No doubt it is dynamic of Java development as well as from side of language as from infrastructure side.
JDK most valuable features
By bringing new LTS JDK17, this year has brought a lot of announcements such as the new 2 years LTS development cycle. Rolling the update model of JDK release provides a lot of possibilities to experiment on introducing new features. Based on preview features and feedback loop from end-users from version to version, we can see stability, meeting the needs of community language features, such as advanced Switch expressions, Pattern Matching, Record Classes, Saled Classes and more.
There has also been a growing interest in contributing to OpenJDK, not only from Oracle but as well from other industry leaders such as RedHat, SAP, Amazon, TenCent, Alibaba and others. We may also remark the growing interest in OpenJDK distribution such as AdoptiumOpenJDK as an alternative to payable OracleJDK. As a result, Oracle announced they were changing the license model of OracleJDK to a more free-like model.
In addition, we have also observed a continued performance and improvement of the whole JDK as well as G1 GC. Finally, the war of concurrent GC by Oracle and RedHat continues with tuning and improvements around SchenodahGC and ZGC.
Infrastructure most valuable changes
From the perspective of infrastructure development, we have seen a growing interest in GraalVM and Native Images. GraalVM is starting to be an interest in polyglot runtime with performance improvements for such languages as Scala, Ruby, JS with NodeJS d etc.

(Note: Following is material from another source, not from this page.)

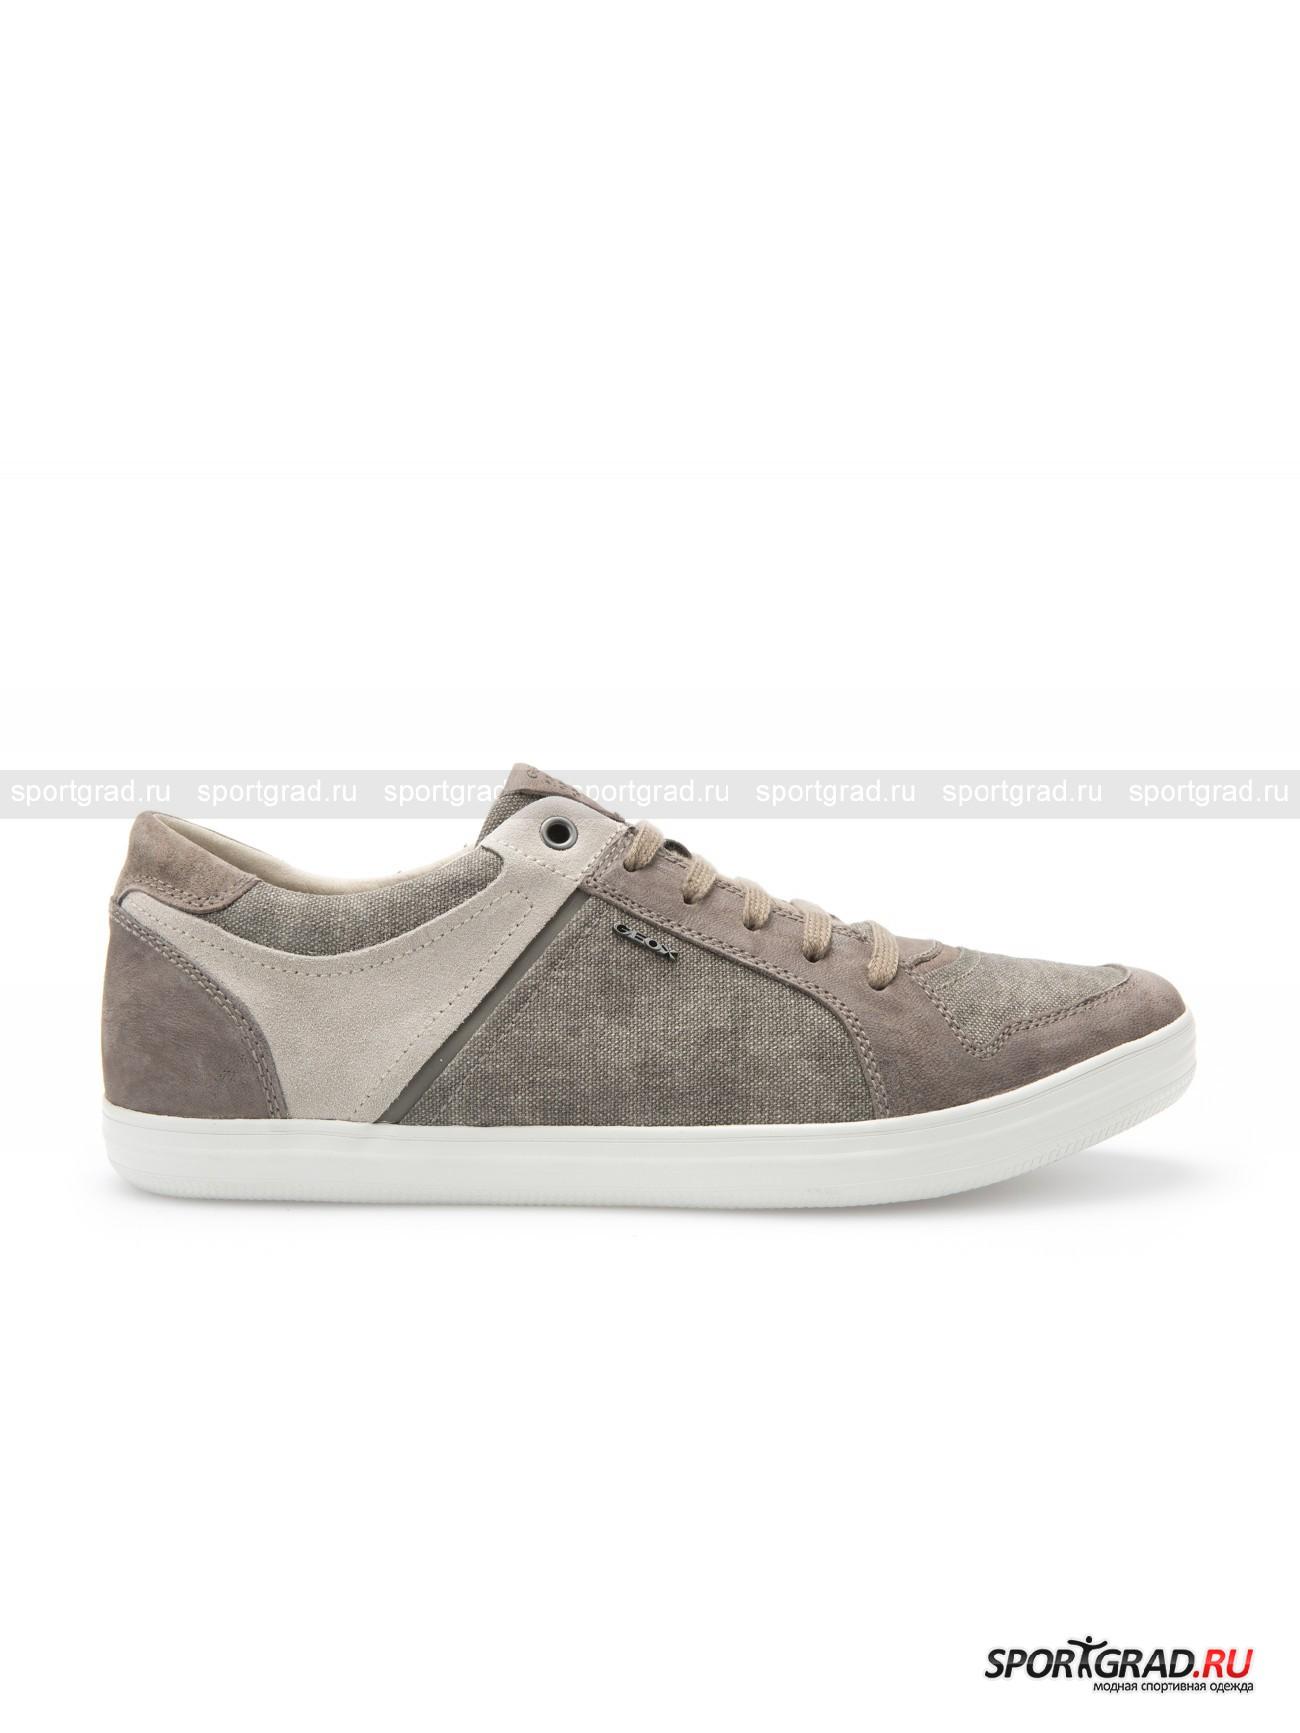 ���� ������� Sneakers GEOX

Graal Native Images provide the unique ability for a new Cloud Era with tiny resource consumption and minimal bootstrap time. Based on it we are able to observe an increasing adoption of Cloud-Nativeloud Native Frameworks such as Quarks and Micronaut that are starting to be real competitors of Spring Boot.

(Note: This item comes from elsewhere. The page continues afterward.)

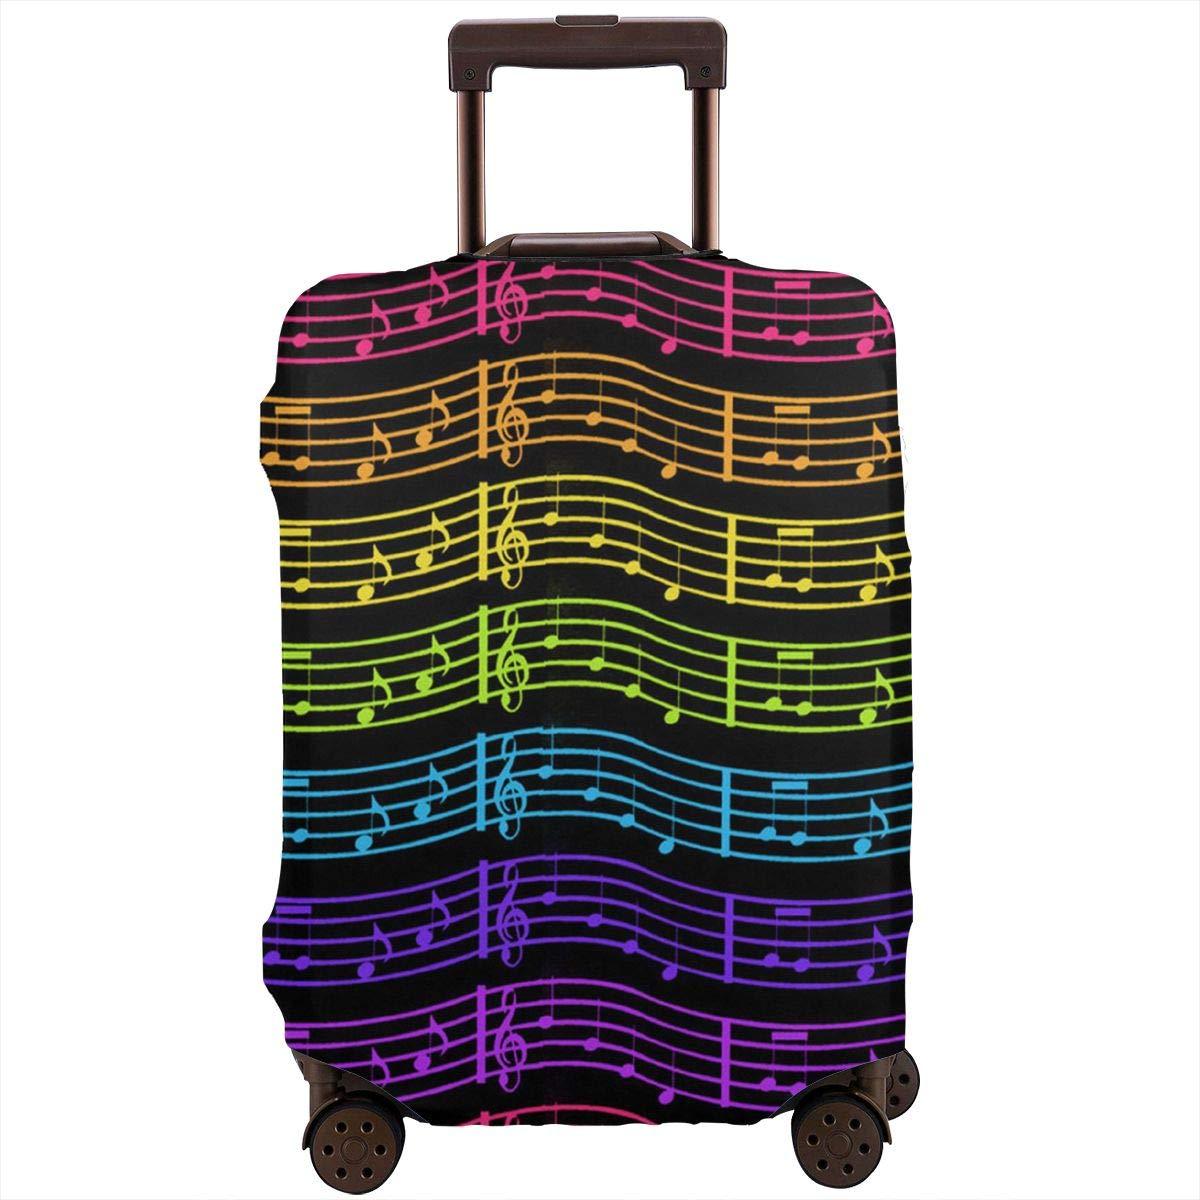 Amazon.com: Coloridas fundas para equipaje de viaje, diseño ...

Javas 18 and 19 are set to be released in 2022, are there any features to keep an eye on?
Of course, we expect to see Project Loom in place. Green threads and simpler concurrency management that all developers so waiting for. We can expect a rising interest in Java from the perspective of refreshing language not only with new language syntax Shugar (such as Pattern Matching for Switches, Record & Array Patterns) but as well with a modern concurrency approach. We should also see a continued development of concurrent GC with growing adoption for pause critical applications.
Additionally, we predict a second incubator for Foreign Function and Memory API (in which an API is introduced through which Java programs can interoperate with code and data outside of the Java runtime and that aimed to replace the old JNI API in the future) and Vector API (express vector computations that compile at run time to optimal vector instructions on supported CPU architectures, achieving performance superior to equivalent scalar computations).
From the tooling enhancements we may expect Simple web server, a command-line tool would be provided to start a minimal web server that serves static files only that could be extremely useful for prototyping and testing.
What are your 4 predictions for where Java is heading in 2022?
- Of course we are expecting to see Project Loom in place. Green threads and simpler concurrency management that all developers so waiting for. It defiantly will be a game-changer for Java.
- We predict that even conservative businesses will start investigating the possibility of migrating to the latest LTS JDK17. Additional stimuli for it could be future release of Spring 6 that will require JDK17 as baseline.
- Cloud, Clouds everywhere! A new trend in the industry is Serverless, as a result of a growing interest in Cloud Native frameworks: we are even able to observe how Quarkus is trying to repeat the success of Spring Boot. As a result, we may observe a fairplay with the release of stable version of Spring Cloud Native that planning to be migrate as module to Spring 6.
- Growing security interest around JVM infrastructure. And reasonable drive for it bring announcement around valuable Day0 exploit in Log4j on this week. JVM has reached infrastructure and from the main JDK installer Banner we may know about 3 billion devices that run Java – so we should notice a growing interest around security.